Error States & Recovery
Error 1: Model Load Failure
Cause: Insufficient memory, corrupted model, or system error
User Experience:
- Error during model loading phase
- Message: “Failed to load model” or “Model error”
- Benchmark stops
- Test marked as “Error”
Recovery Steps:
- Close other applications to free memory
- Try running benchmark again
- Try different model if specific model consistently fails
- Check model file integrity
- Restart application if needed
Error 2: Individual Test Timeout
Cause: Test takes longer than maximum allowed time (4 minutes)
User Experience:
- Test running indicator for long time
- Eventually shows “Error” or “Timeout”
- Message: “Test exceeded maximum time”
- Benchmark continues to next test
Recovery Steps:
- Note which test timed out
- Allow benchmark to continue (other tests may succeed)
- Test may be too demanding for hardware
- Consider not using that context size or configuration
- Can manually re-test later to verify
Error 3: Benchmark Stops Unexpectedly
Cause: Application crash, system sleep, or user accidentally stopped it
User Experience:
- Progress stops mid-benchmark
- Some tests marked “Cancelled”
- Incomplete results
Recovery Steps:
- Check application status (did it crash?)

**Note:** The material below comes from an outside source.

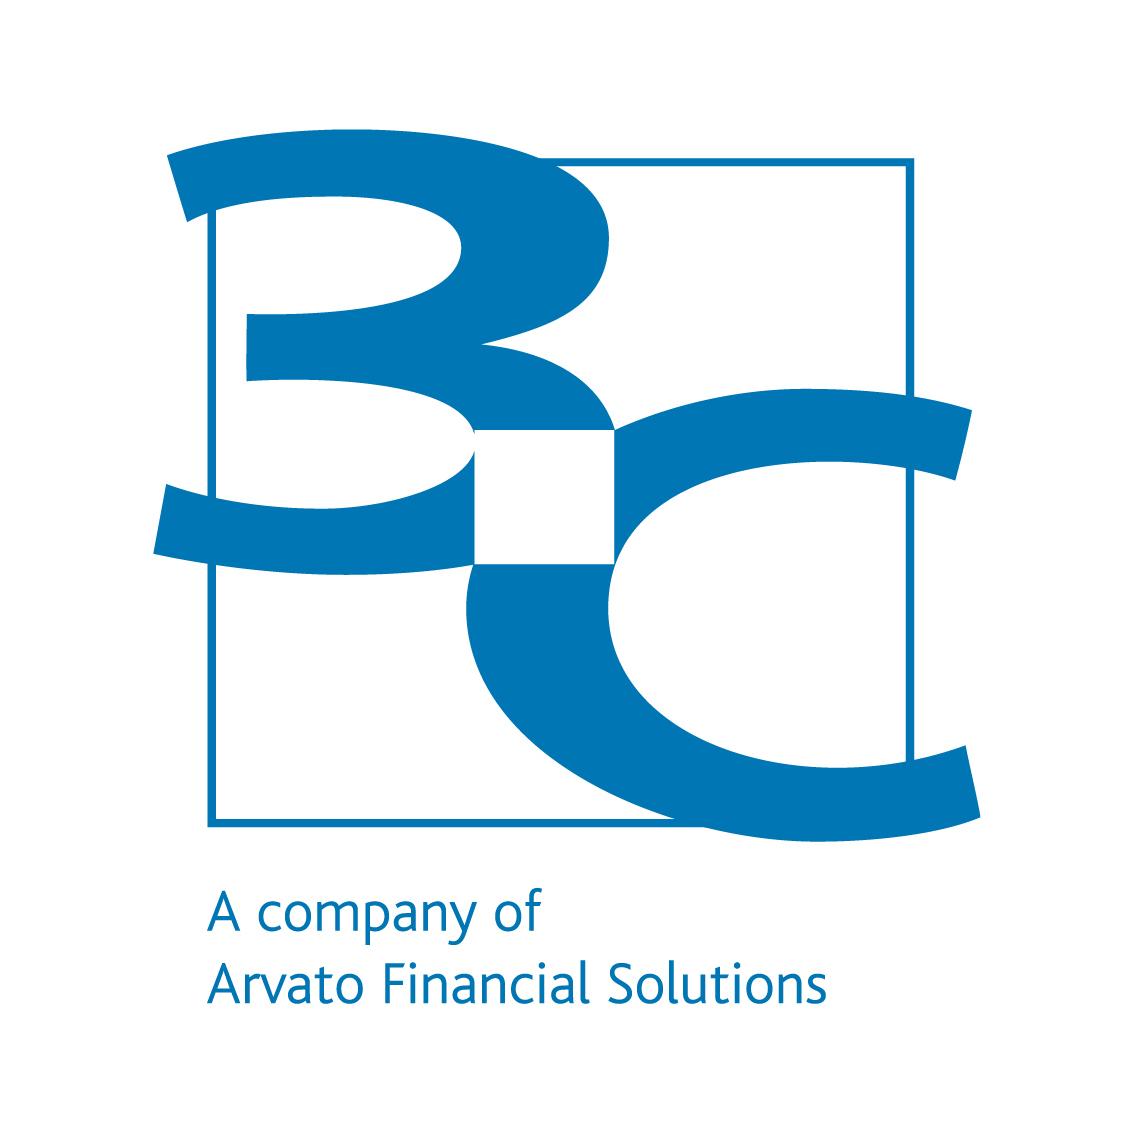 3C_Logo_blau.jpg
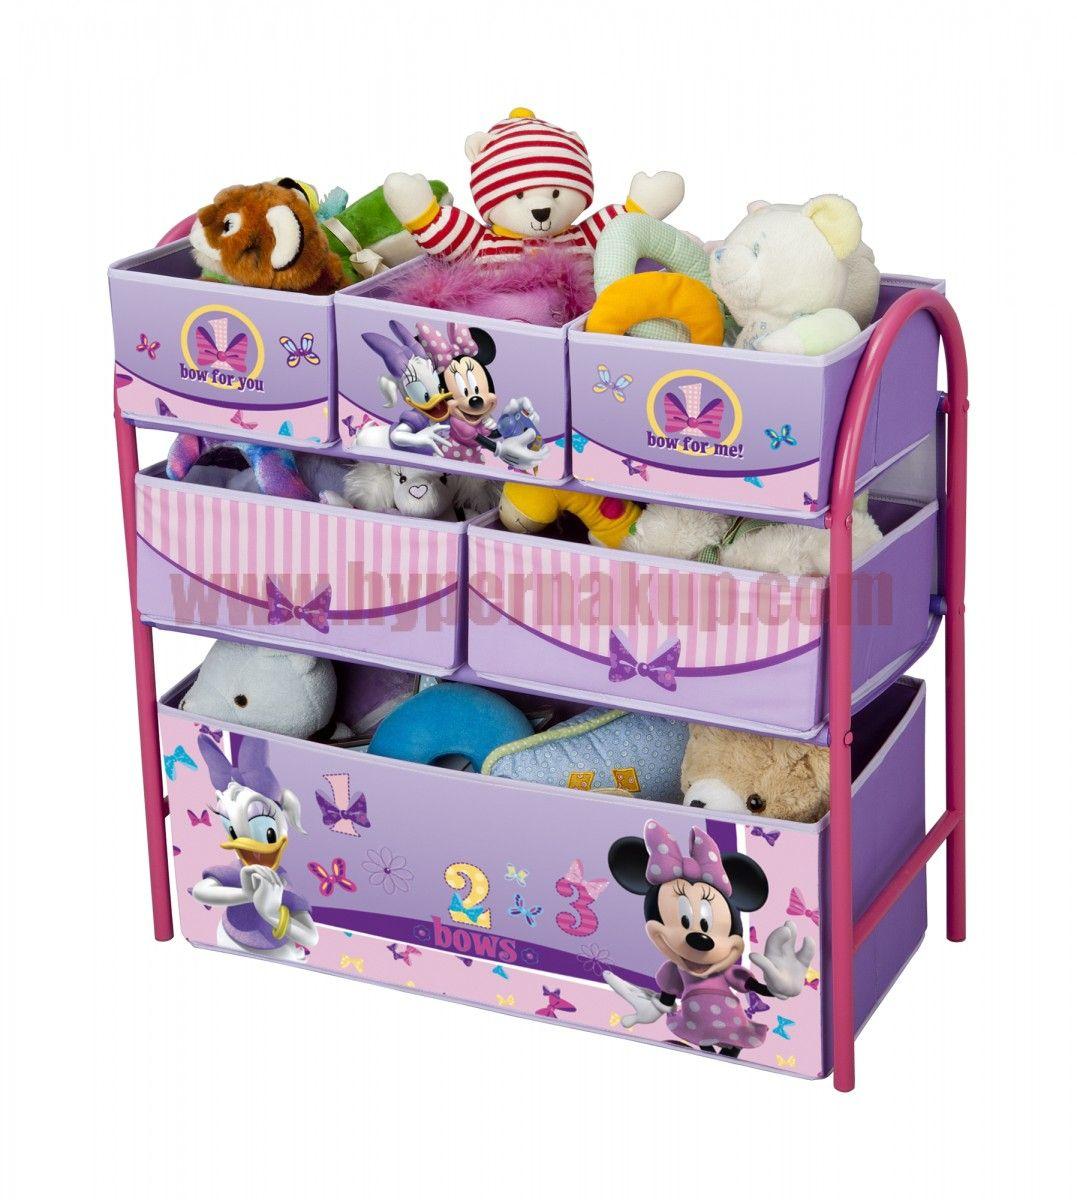 a3318831a5be7 Detská komoda organizér na hračky Disney Minnie Mouse | DETSKÝ TOVAR ...

- Restart application if needed
- Return to Benchmarking tab
- Use “Continue Benchmark” to resume (if available)
- Or reset and run full benchmark again
Error 4: No Test Data File Available
Cause: Missing benchmark test data file used for consistent testing
User Experience:
- Error message at top of page: “Test data not loaded” or similar
- “Run Benchmark” button may be disabled
- Warning that benchmarks cannot run
Recovery Steps:
- Check internet connection (if test data needs download)
- Refresh page to retry loading test data
- Verify application installation is complete
- Reinstall application if file consistently missing
- Contact support if issue persists
Error 5: Out of Memory During Tests
Cause: System runs out of RAM during intensive testing
User Experience:
- Application becomes unresponsive
- May crash or freeze
- Benchmark stops with error
- Possible system warnings about low memory
Recovery Steps:
- Close other applications before running benchmark
- Restart application
- Try benchmarking smaller model
- Skip memory-intensive tests (large context sizes)
- Upgrade system RAM if needed for desired models
Pain Points & Friction
Identified Issues:
Long Duration Without Clear Time Estimate
- Impact: Users don’t know if benchmark will take 15 minutes or 2 hours
- Frequency: Every benchmark run
- Potential Improvement:
- Show estimated total time before starting
- Display time remaining during execution
- Warn about duration for large model/context combinations
- Allow selecting subset of tests for faster results
Cannot Pause Mid-Benchmark
- Impact: If user needs to use computer, must stop and lose progress
- Frequency: Long benchmarks that need interruption
- Potential Improvement:
- Add pause/resume functionality
- Save progress to resume later
- Allow partial completion with option to continue
Results Table Overwhelming
- Impact: Many rows and columns of numbers can be confusing
- Frequency: Viewing results, especially first time
- Potential Improvement:
- Add summary view with key highlights
- Visual indicators for good/bad performance
- Comparison to typical values
- Graphs/charts alongside tables
Unclear What “Good” Results Look Like
- Impact: Users see numbers but don’t know if performance is acceptable
- Frequency: All users without technical background
- Potential Improvement:
- Add benchmarks or baselines for comparison
- Color code results (green=good, yellow=ok, red=poor)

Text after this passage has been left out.